Karary University
- Former name: Karary Academy of Technology (1996-2008)
- Type: Public
- Established: 1996; 30 years ago
- Parent institution: Sudanese Military College
- Undergraduates: Medicine; Dentistry; Pharmacy; Nursing; Radiology; Engineering; Art School;
- Postgraduates: Four batches graduated until now from medical school.
- Location: Omdurman, Khartoum, Sudan
- Website: Official website

= Karary University =

University in Omdurman, Khartoum, Sudan

The Karary University (Arabic: جامعة كرري) is a university based in the city of Omdurman in the state of Khartoum, Sudan. The university was established in 1996 as a public university funded by the Ministry of Higher Education and Scientific Research. The Karary Academy of Technology was conceived as tertiary educational institution that would prepare engineering and technological students to meet the needs of the armed forces and military industries, and to guide the relevant scientific research.
In 2011, according to Centro de Ciencias Humanas y Sociales, Madrid, the university ranked 10,494 in the world, fourth in Sudan. In Sudan, it ranked behind the University of Khartoum, Sudan University of Science and Technology, National Ribat University and ahead of the International University of Africa.

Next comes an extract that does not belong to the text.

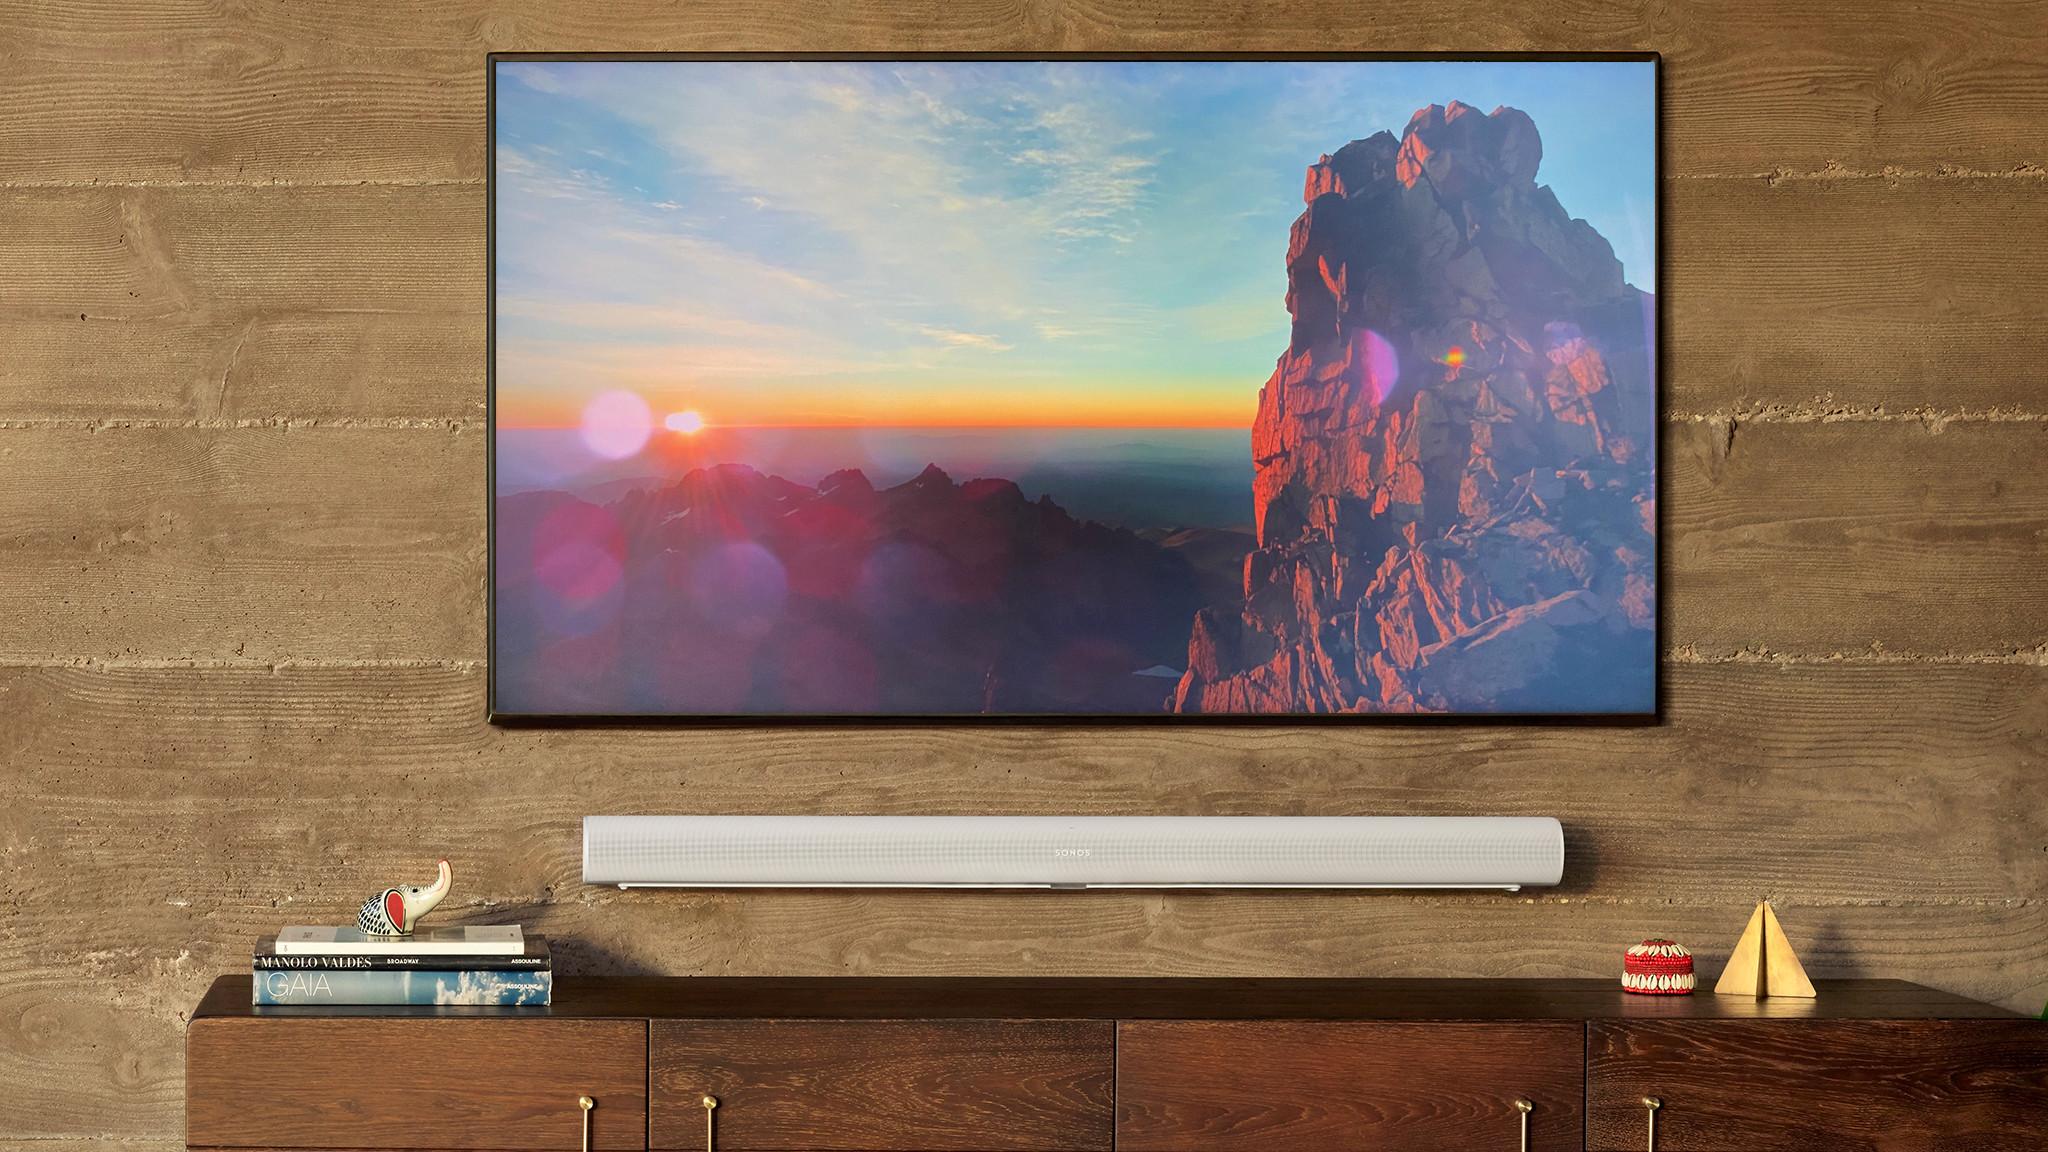 Sonos Arc im Test: Die Soundbar lässt sich problemlos an der Wand befestigen.©Sonos, COMPUTER BILD

In 2006, it was approved as a university that grants a bachelor’s degrees and a diploma in military sciences. The university has a college for postgraduate studies that grants master’s and doctoral degrees. The university train student to work as first lieutenants engineers in the armed forces, as well as training holders of bachelors in previous fields from other universities military training to work as first lieutenants engineers as well, and training holders of technical diplomas military training to work as first sergeants technicians and granting them an engineering diploma in the armed forces.